ExperienceEngine now treats task history and reusable experience as two different layers:

task record
  -> learning candidate
  -> active
  -> cooling
  -> retired
  • every meaningful task can still be recorded as runtime history
  • only tasks with transferable decision value should become learning candidates
  • wording-only, copy-only, or presentation-only cleanups can remain recorded without being promoted into reusable experience

This split matters because "the task finished successfully" is not the same thing as "the system learned something worth injecting next time."

The Core Lifecycle

task signals
  -> task record
  -> candidate
  -> active
  -> cooling
  -> retired

At a high level:

  • broad runtime history is recorded first
  • repeated or meaningful signals produce a candidate
  • successful reuse or corroboration promotes it into active use
  • harmful outcomes reduce confidence
  • repeated harm can cool or retire the node

This is a governance lifecycle, not just a storage lifecycle.
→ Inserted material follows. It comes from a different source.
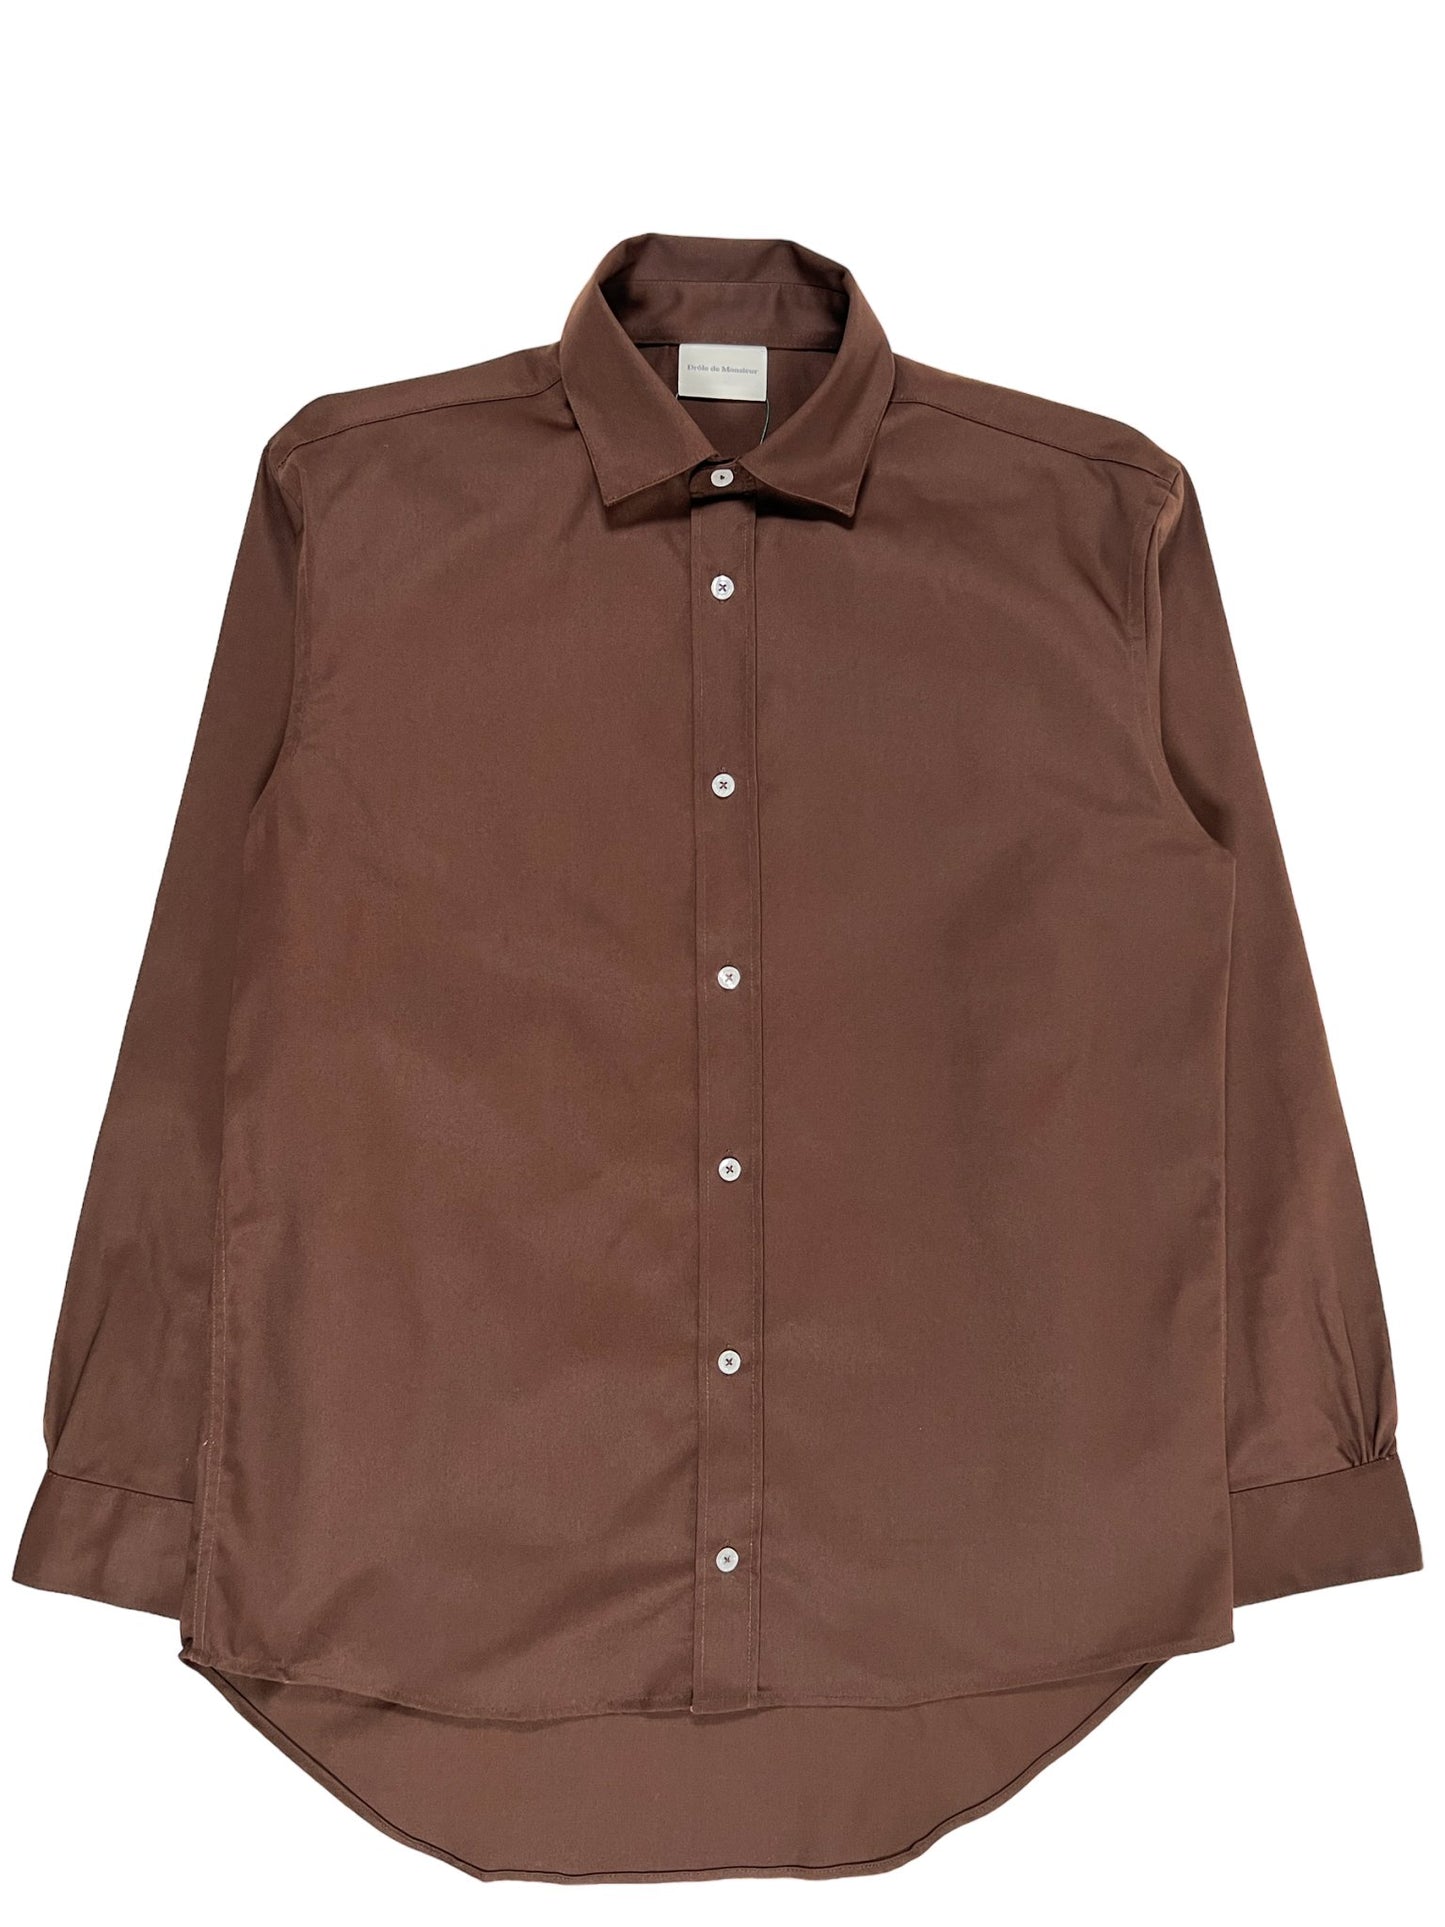 A DROLE DE MONSIEUR button-down brown shirt on a white background.

What Kinds Of Experience EE Learns

ExperienceEngine is best at:

  • repeated failure -> fix -> success paths
  • configuration and routing troubleshooting
  • execution order guidance
  • expectation correction
    • when a technically valid result is still corrected by the user because the agent solved the wrong problem

Expectation correction is intentionally narrower than a generic rewrite or cleanup:

  • it should reflect a changed solution direction, execution order, boundary, or quality bar
  • it should not be used for expression-layer refinements like lighter wording, better labels, or cleaner presentation copy

It is not designed to be the primary system for:

  • long-term user preferences
  • arbitrary repository facts
  • emotional feedback
  • one-off stylistic requests with no reusable execution value

Why This Matters

Most memory systems answer:

  • what should be remembered
  • what context should be recalled

ExperienceEngine answers:

  • when should prior experience intervene
  • what short execution guidance should be injected
  • when a conservative injection is still worth surfacing instead of skipping
  • whether that intervention actually helped
  • whether the node should stay active, cool down, or retire

That is why the shorthand is:

Memory does addition. ExperienceEngine does governance.